1921 präsentierte Fritz von Graevenitz seine Tierfigur Äsendes Reh auf einer Leipziger Handwerksausstellung und traf damit den Nerv seiner Zeit. Sogar in einem Häuschen am Fuße des Kilimandscharo könne man eine Kopie des Rehs finden, erzählt Julia Müller: „Es ist eines seiner verbreitetsten und auch später am meisten plagiierten Kunstwerke.“
Bildhauerei, die sich dem Krieg verpflichtet
Doch die Leiterin des Stuttgarter Graevenitz-Museums berichtet auch von der anderen Seite des Bildhauers. Das war der autoritätshörige, ehemalige Soldat, der seine Vorstellungen von Heldentum, Opferbereitschaft und Vaterlandsliebe in Ehrenmale und monumentale Skulpturen zu meißeln begann.

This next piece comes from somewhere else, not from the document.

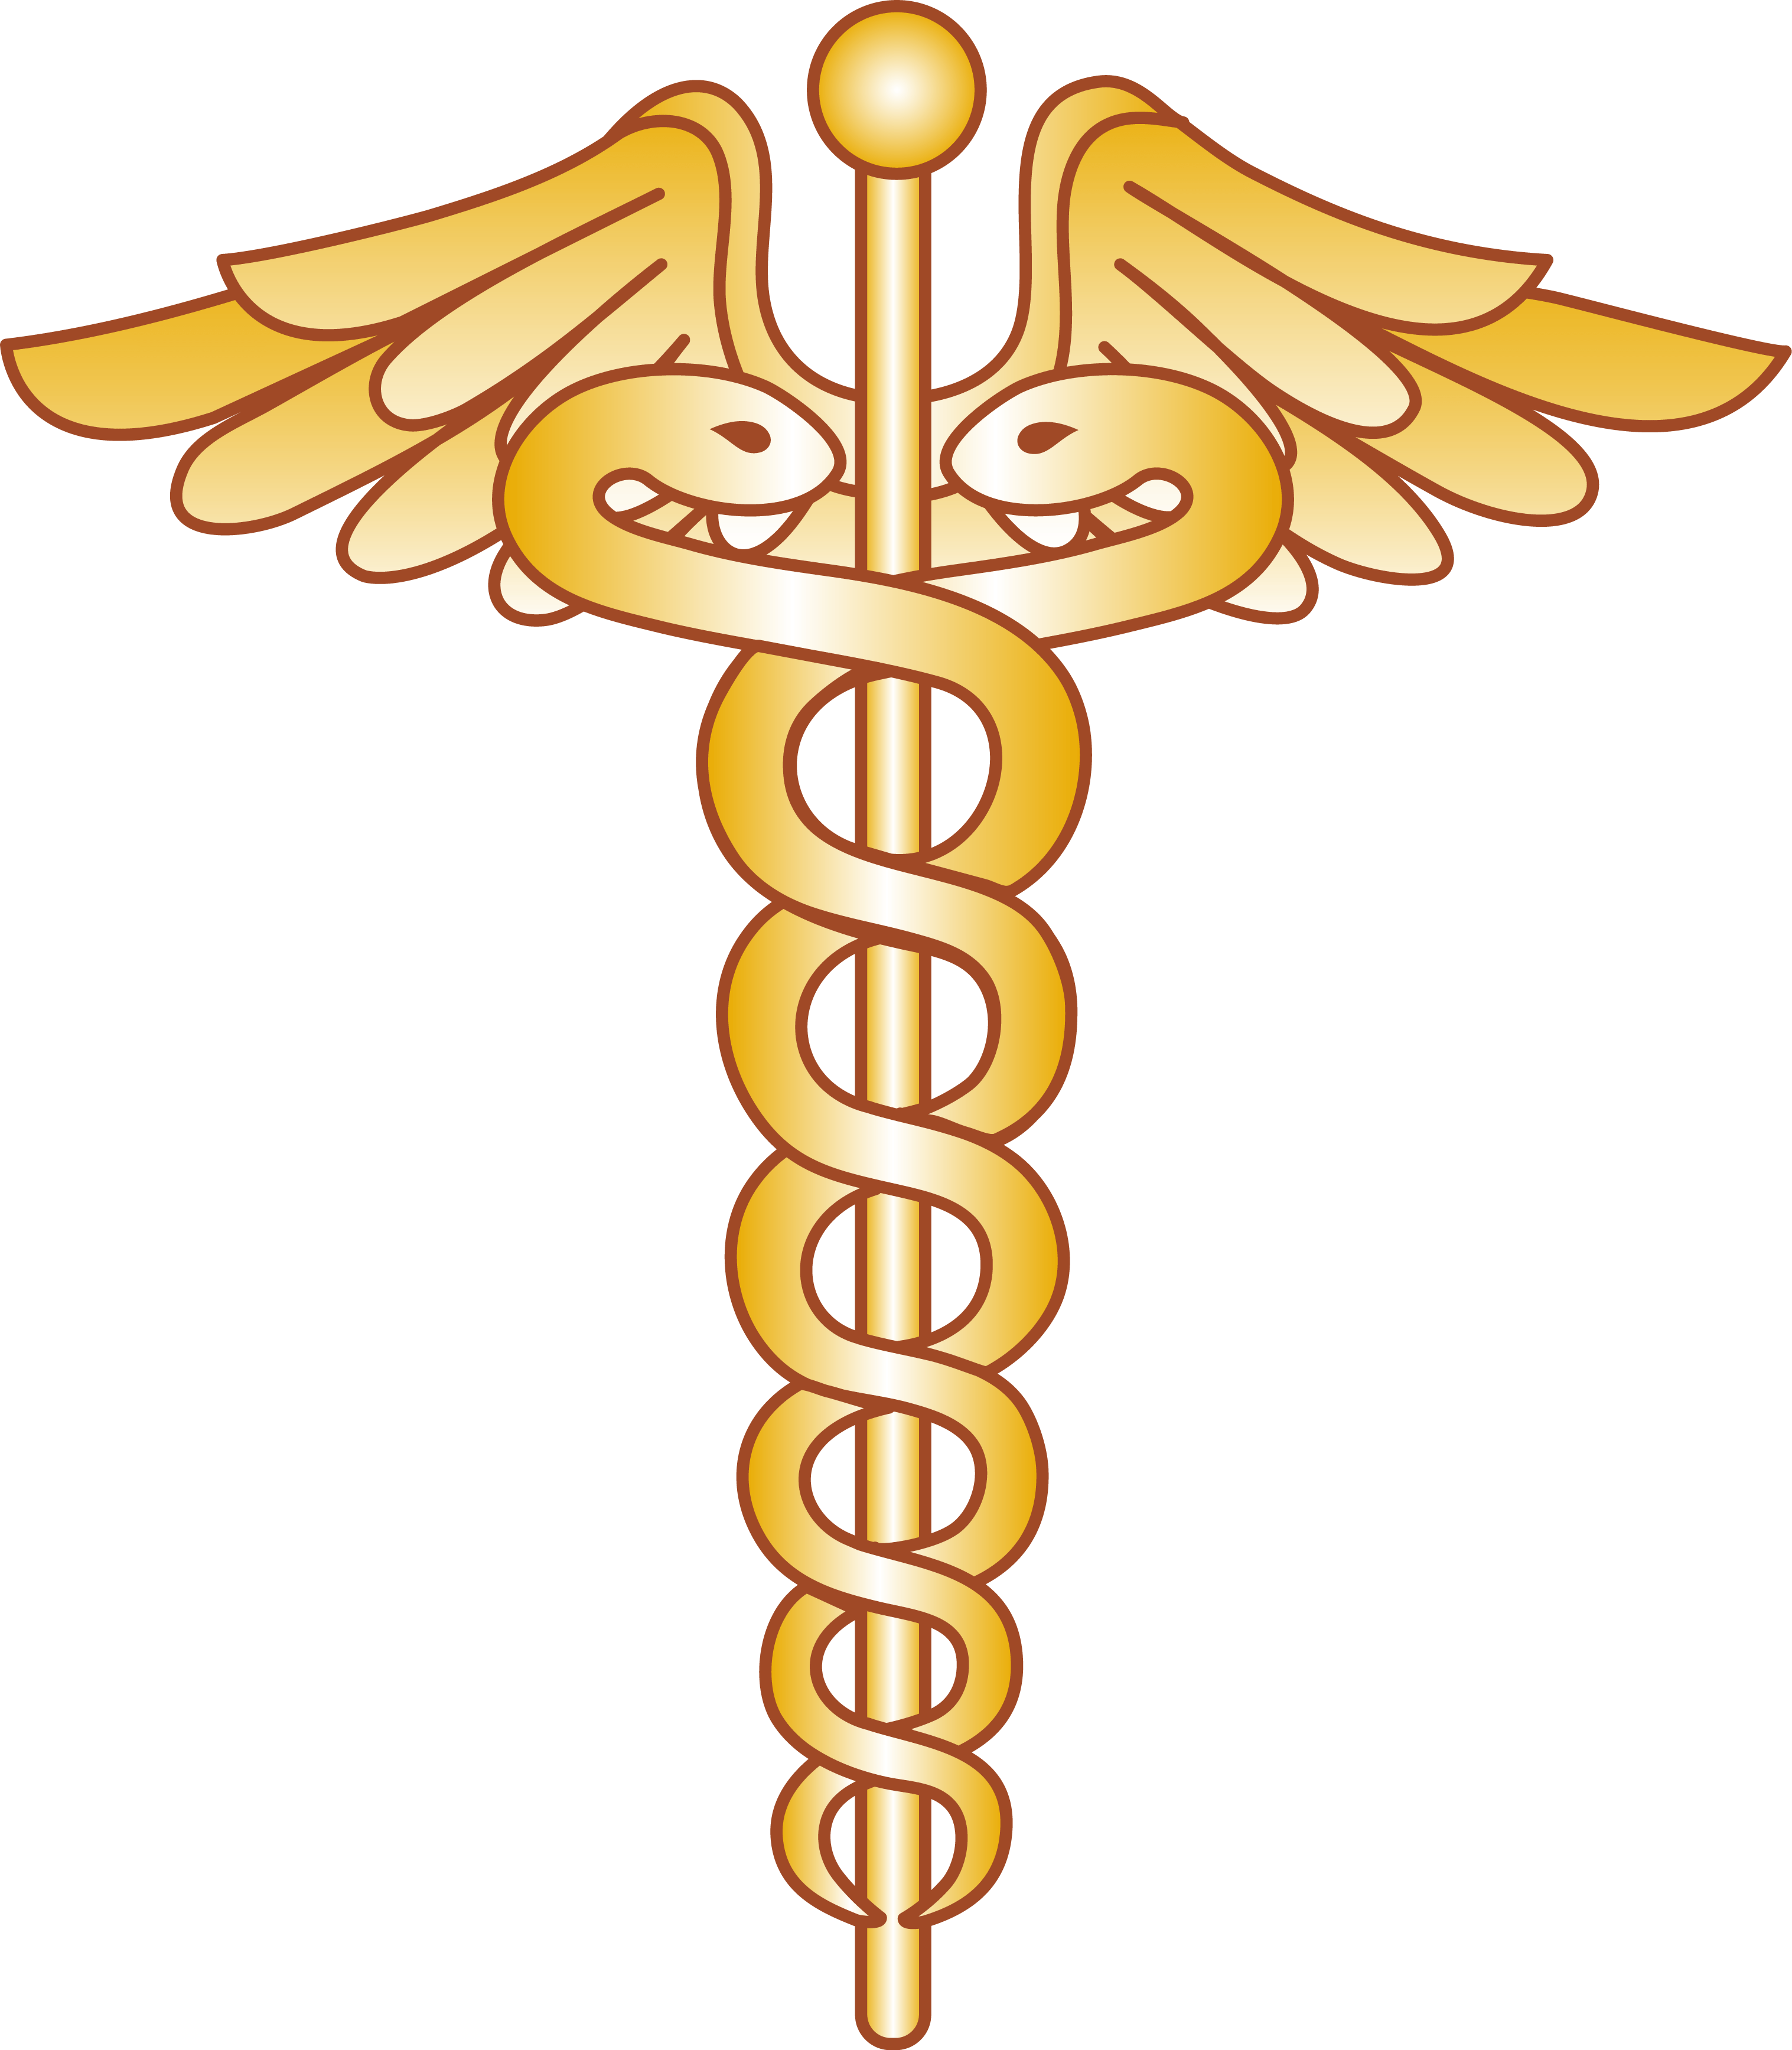 Medical Cross Snake Logo - Free Snake Health Clipart, Download Free Clip Art, Free Clip Art

Eine Kunst, die sich auch dem Krieg verpflichtet sieht. So schreibt von Graevenitz über die Bildhauerei: „Denn wie aus schweren Träumen erwachen sie wieder, die steinernen Symbole des Kriegs. Und sie müssen erwachen, denn der Krieg bedarf der männlichsten Kunst, der Plastik.“
Kunst für den Führer
1935 steht Fritz von Graevenitz auf dem Nürnberger Reichsparteitag hinter der Tribüne, um den Führer zu studieren. Seine Büste von Adolf Hitler wird später viele Male kopiert.

Zwei Jahre später erhält er den Auftrag für ein nationalsozialistisches Prestigeprojekt in Königsberg, für eine gewaltige Adlerskulptur von sieben Metern Spannbreite und drei Meter Höhe. „In den Krallen hatte er das Hakenkreuz. Und das sollte in Königsberg aufgestellt werden auf einem 12 Meter hohen Turm. Dazu kam es dann auch. Das ist ein ganz klares politisches Zeichen“, sagt Müller.
NS-Vergangenheit kein Thema des Museums
Im Graevenitz- Museum wird diese problematische Seite des Künstlers nicht sichtbar. Seine Tierfiguren sind präsent, einige Frauenbüsten, dann eine Reihe Landschaftsaquarelle. Auch auf der Homepage wird die Verbindung nur insofern thematisiert, als auf die Dissertation der Museumsleiterin hingewiesen wird: „Der Bildhauer Fritz von Graevenitz und die Staatliche Akademie der Bildenden Künste Stuttgart zwischen 1933 und 1945.“
Die Kunsthistorikerin Julia Müller räumt ein: „Die Lücke ist auf jeden Fall da. Und das verstehe ich auch. Man sieht, wenn man als Profi hier in das Museum kommt, dass einfach diese Zeit fehlt.“ Das sei wohl auch darauf zurückzuführen, dass die Familie des Künstlers das Museum zunächst alleine geführt habe: „Als Familie ist das sicherlich nicht der Schwerpunkt gewesen, den man da ausstellen wollte.“
Die Lücke schließen
15 Jahre Überzeugungsarbeit seien nötig gewesen. Heute sei man bereit, auch die problematische Zeit zu bearbeiten. „Da war der erste Schritt die Doktorarbeit. Der nächste Schritt ist jetzt, diese Werke in dem Kontext vorzustellen.“
Das bedeutet konkret: Ein großes, digitales Foto-Album, an dem derzeit noch gearbeitet wird, soll ab Sommer diese Lücke zumindest aufs Erste schließen. Museumsleiterin Julia Müller würde das NS-Kapitel des Bildhauers gern in einem Extra-Raum aufgreifen, steht aber in Verhandlungen darüber mit dem Land Baden-Württemberg als Besitzer des Hauses.
Viele NS-Werke gibt es nicht mehr
Hinzu kommt noch eine ganz andere Schwierigkeit. Außer einer Büste von Wolf Rüdiger Hess, dem Sohn von Rudolf Hess, und einem Heldensarkophag auf dem Friedhof von Schloss Solitude sei nicht mehr viel Ausstellbares aus dieser Zeit vorhanden, „was wirklich auch die Referenz auf diese Politik und auf die Wünsche der NS-Zeit genau darauf bezogen zeigt. Wir haben zwei Jugendfrauen von 1941, wir haben Büsten, wir haben Torsos. Aber ich habe keinen Adler, kein Porträt von Adolf Hitler. Alles das, was eigentlich die Zeit ausgemacht hat, ist nicht mehr vorhanden, weil die Leute auch aufgeräumt haben auf eine gewisse Art und Weise.“
Es sind so einige Fragezeichen, die nach dem Besuch des Graevenitz-Museums am Stuttgarter Schloß Solitude zurückbleiben. Höchste Zeit, aus dem idyllischen Dornröschenschlaf aufzuwachen.